What to work on >> Return each line below exactly as it reads, and omit any image in it.

Dataset section >>
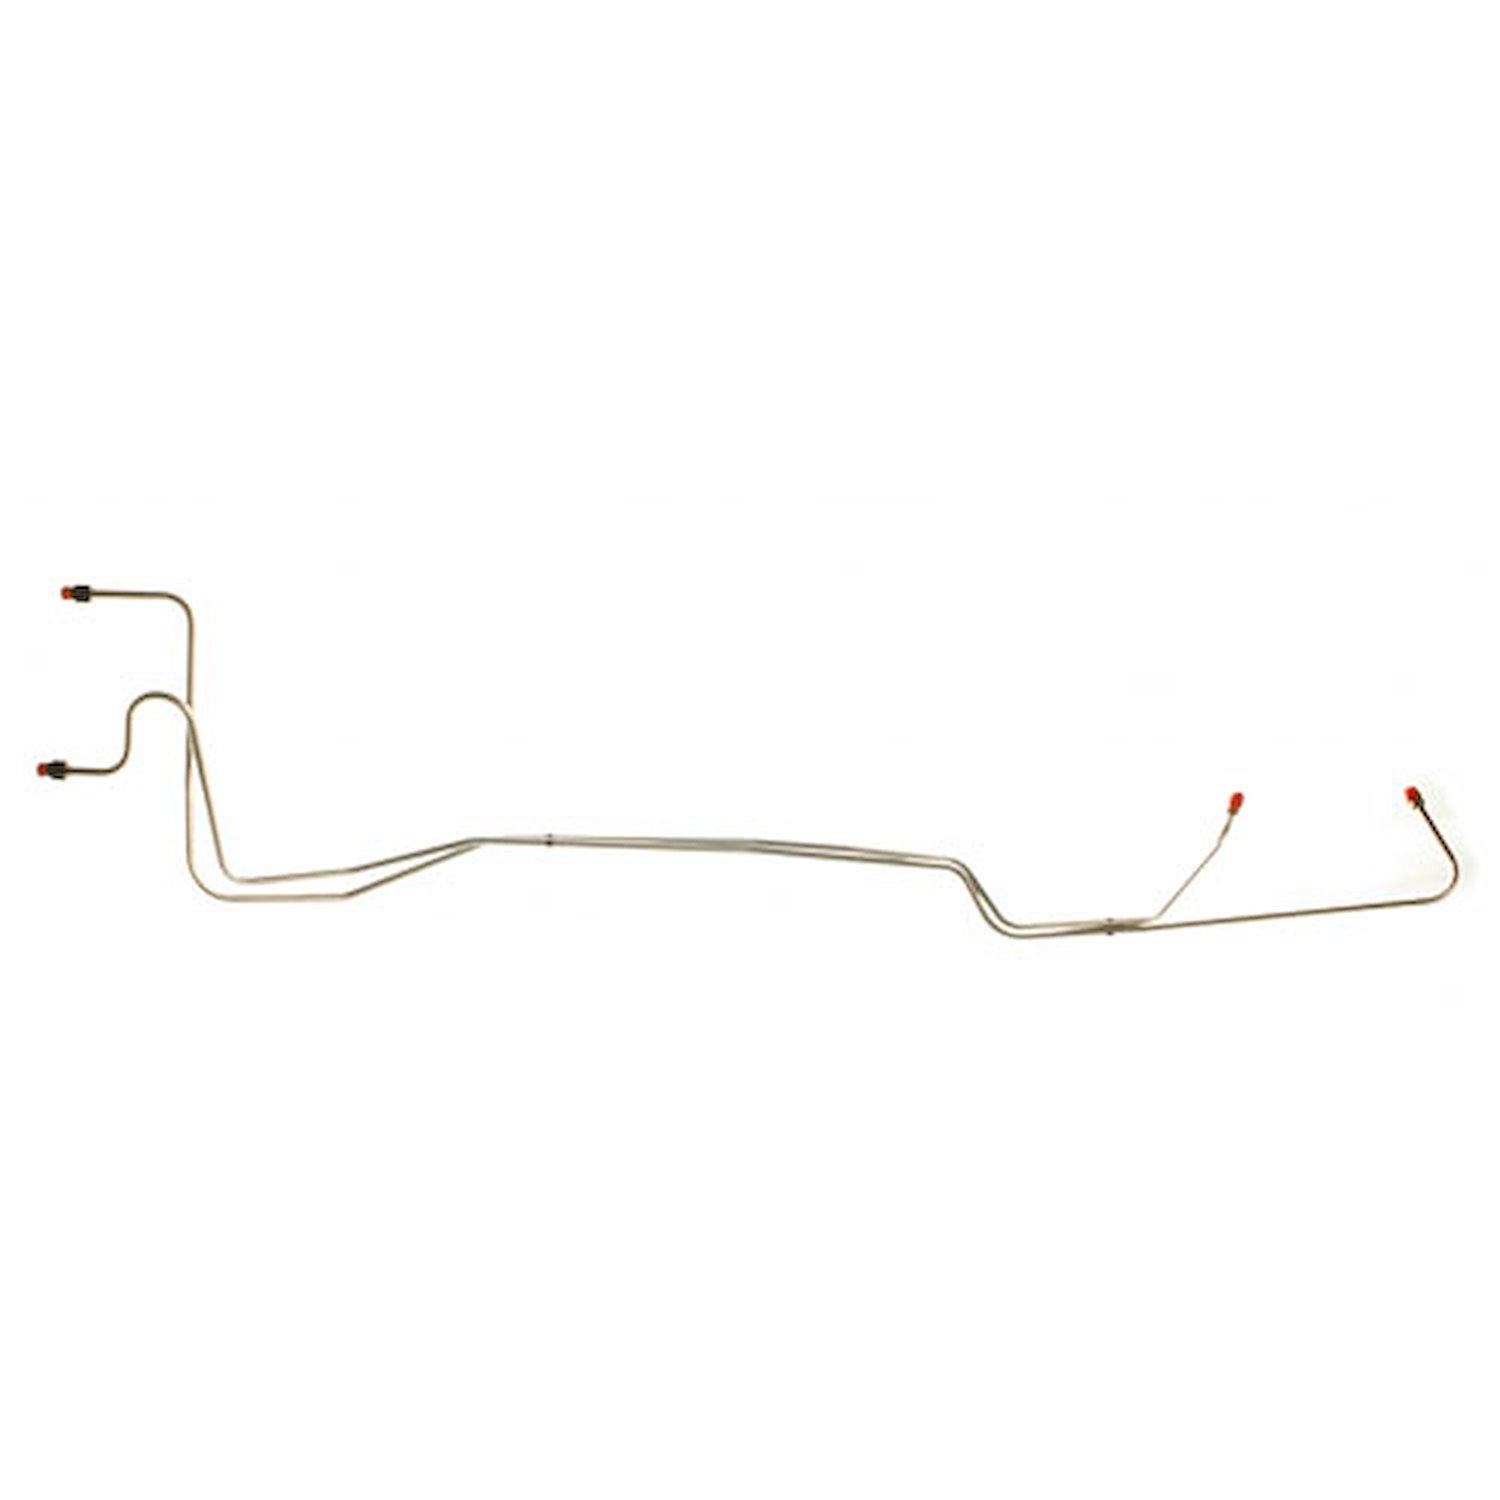 Stainless Steel Transmission Cooler Lines 1967-70 Ford Mustang, Mercury Cougar, Lincoln
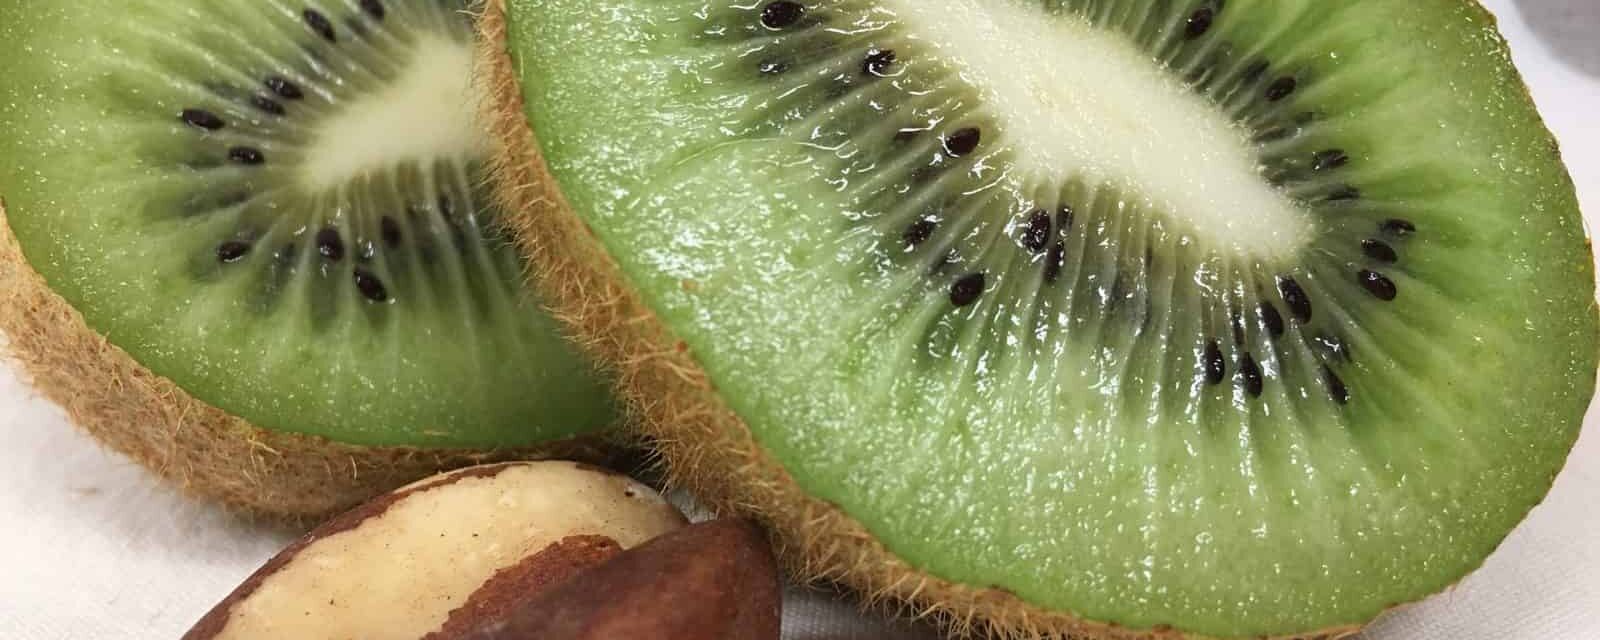 CARE Snack: Immune & Thyroid Booster – Kiwi Fruit with Brazil Nuts
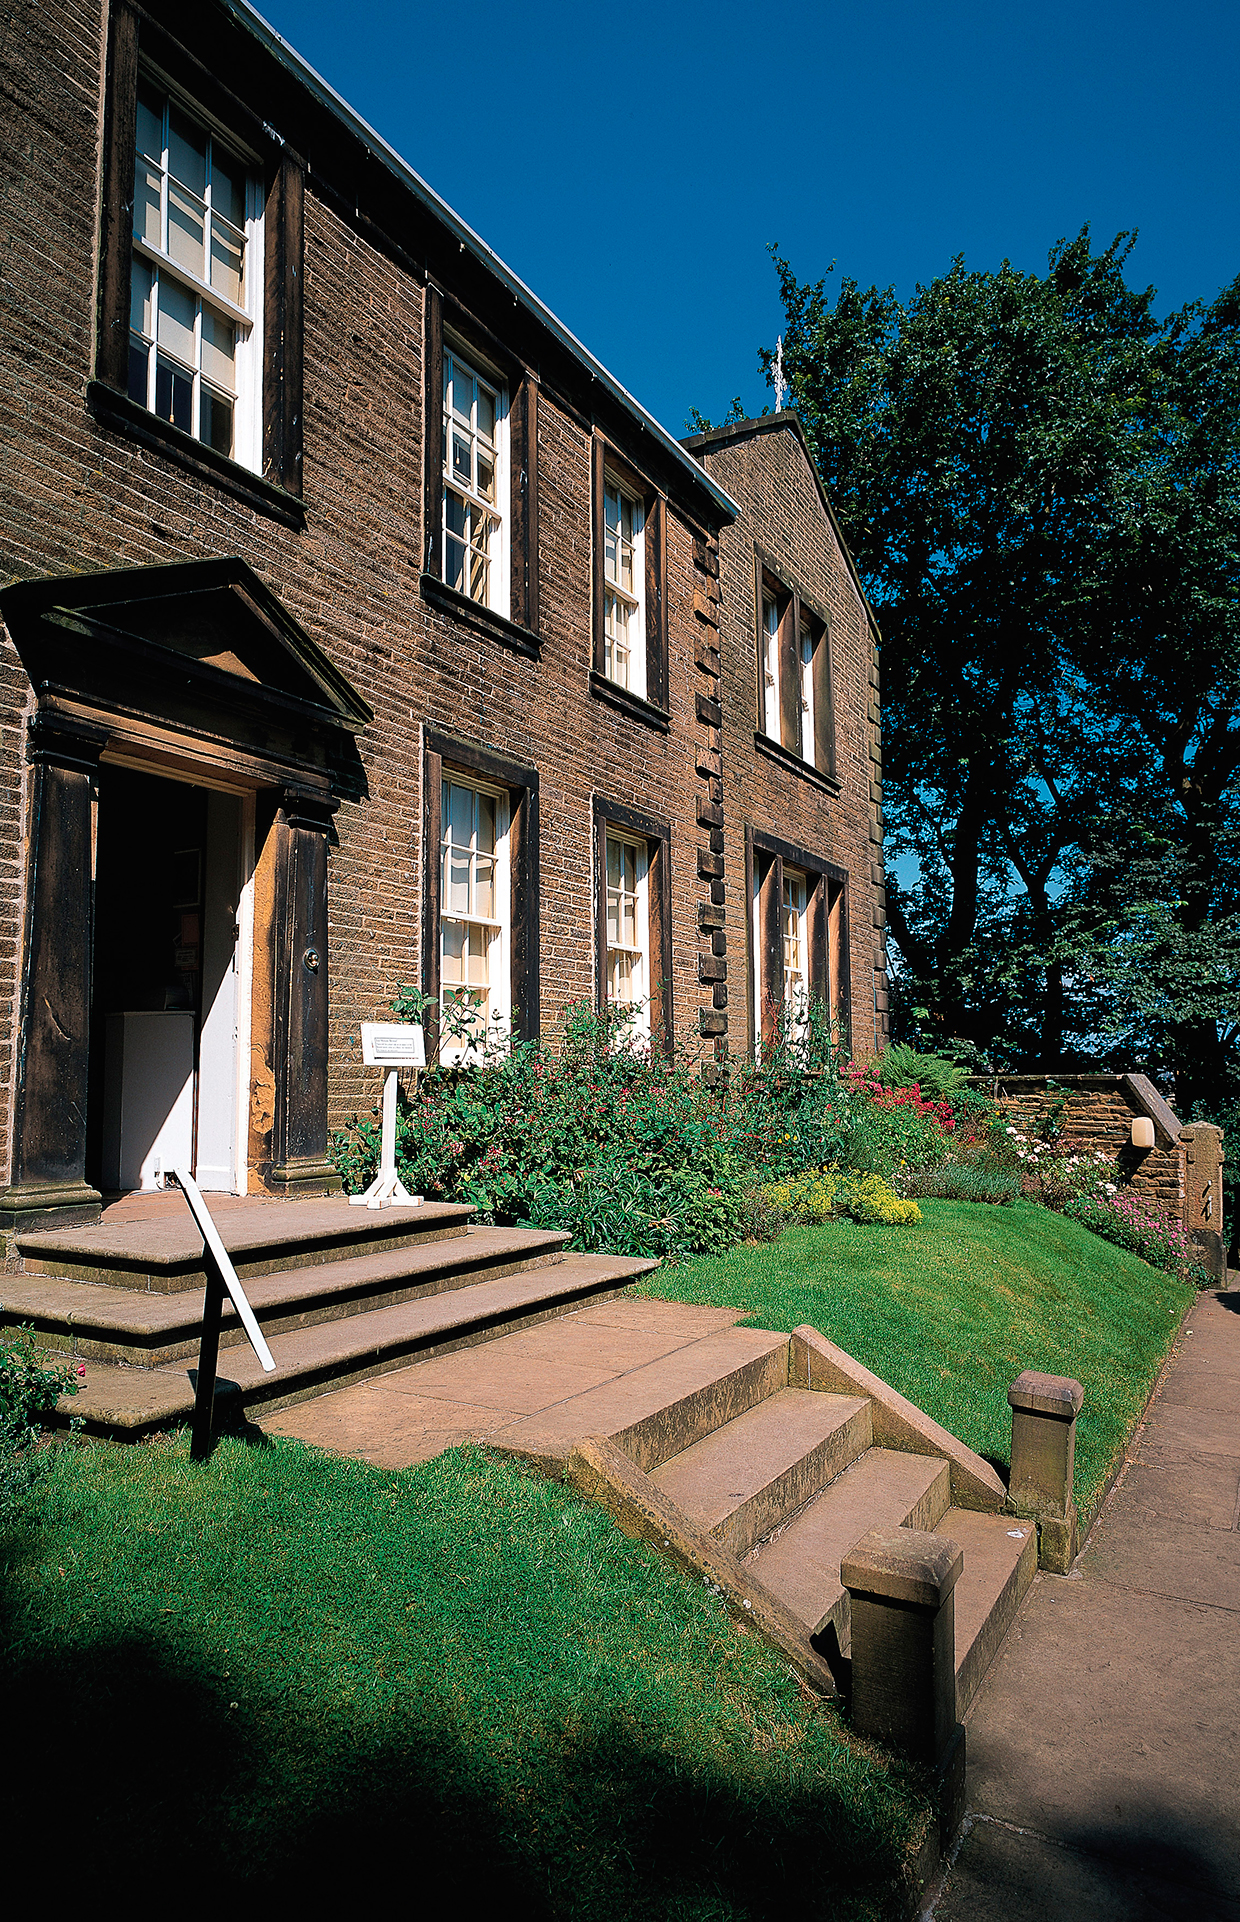 The Parsonage in Haworth, Yorkshire, the Brontë's home, is now a museum.
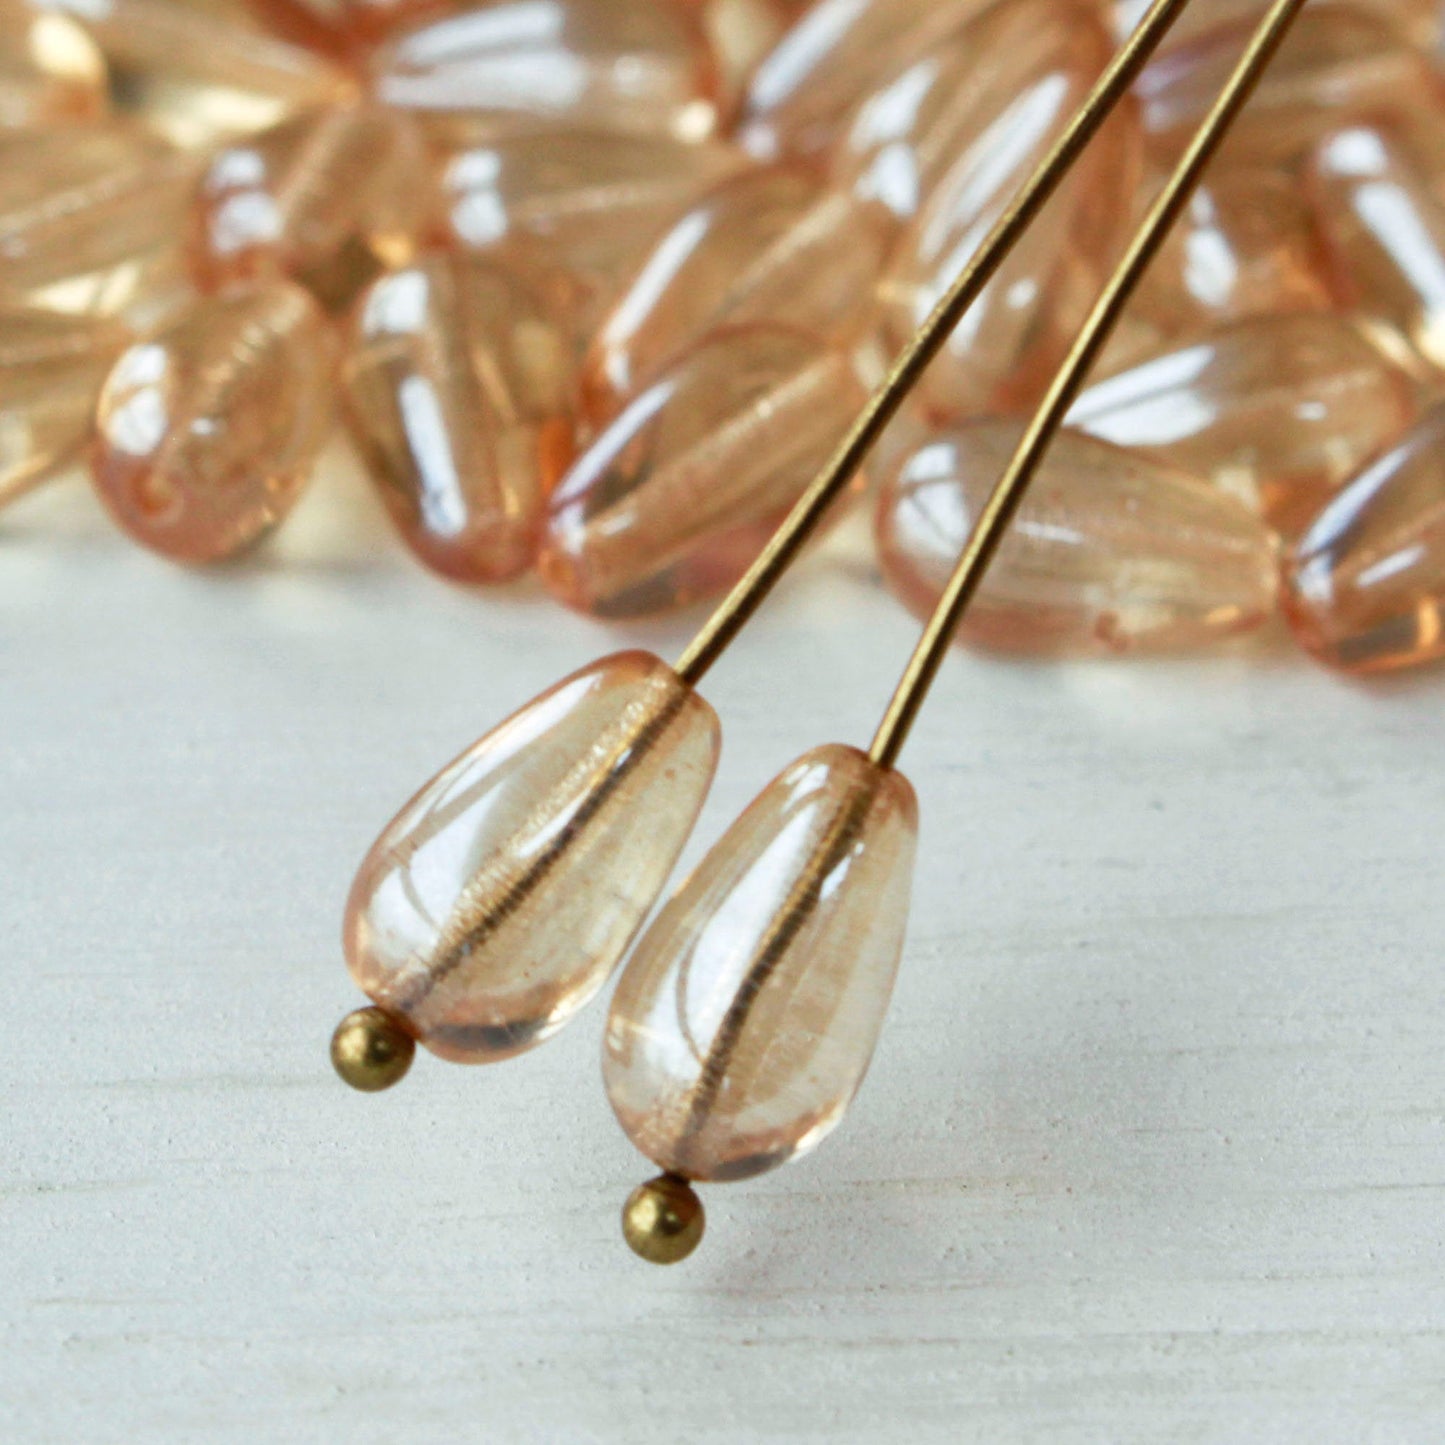 6x10mm Long Drill Teardrop Beads - Champagne Luster - 50 Beads

Result >>
 Stainless Steel Transmission Cooler Lines 1967-70 Ford Mustang, Mercury Cougar, Lincoln
 CARE Snack: Immune & Thyroid Booster – Kiwi Fruit with Brazil Nuts
 The Parsonage in Haworth, Yorkshire, the Brontë's home, is now a museum.
 6x10mm Long Drill Teardrop Beads - Champagne Luster - 50 Beads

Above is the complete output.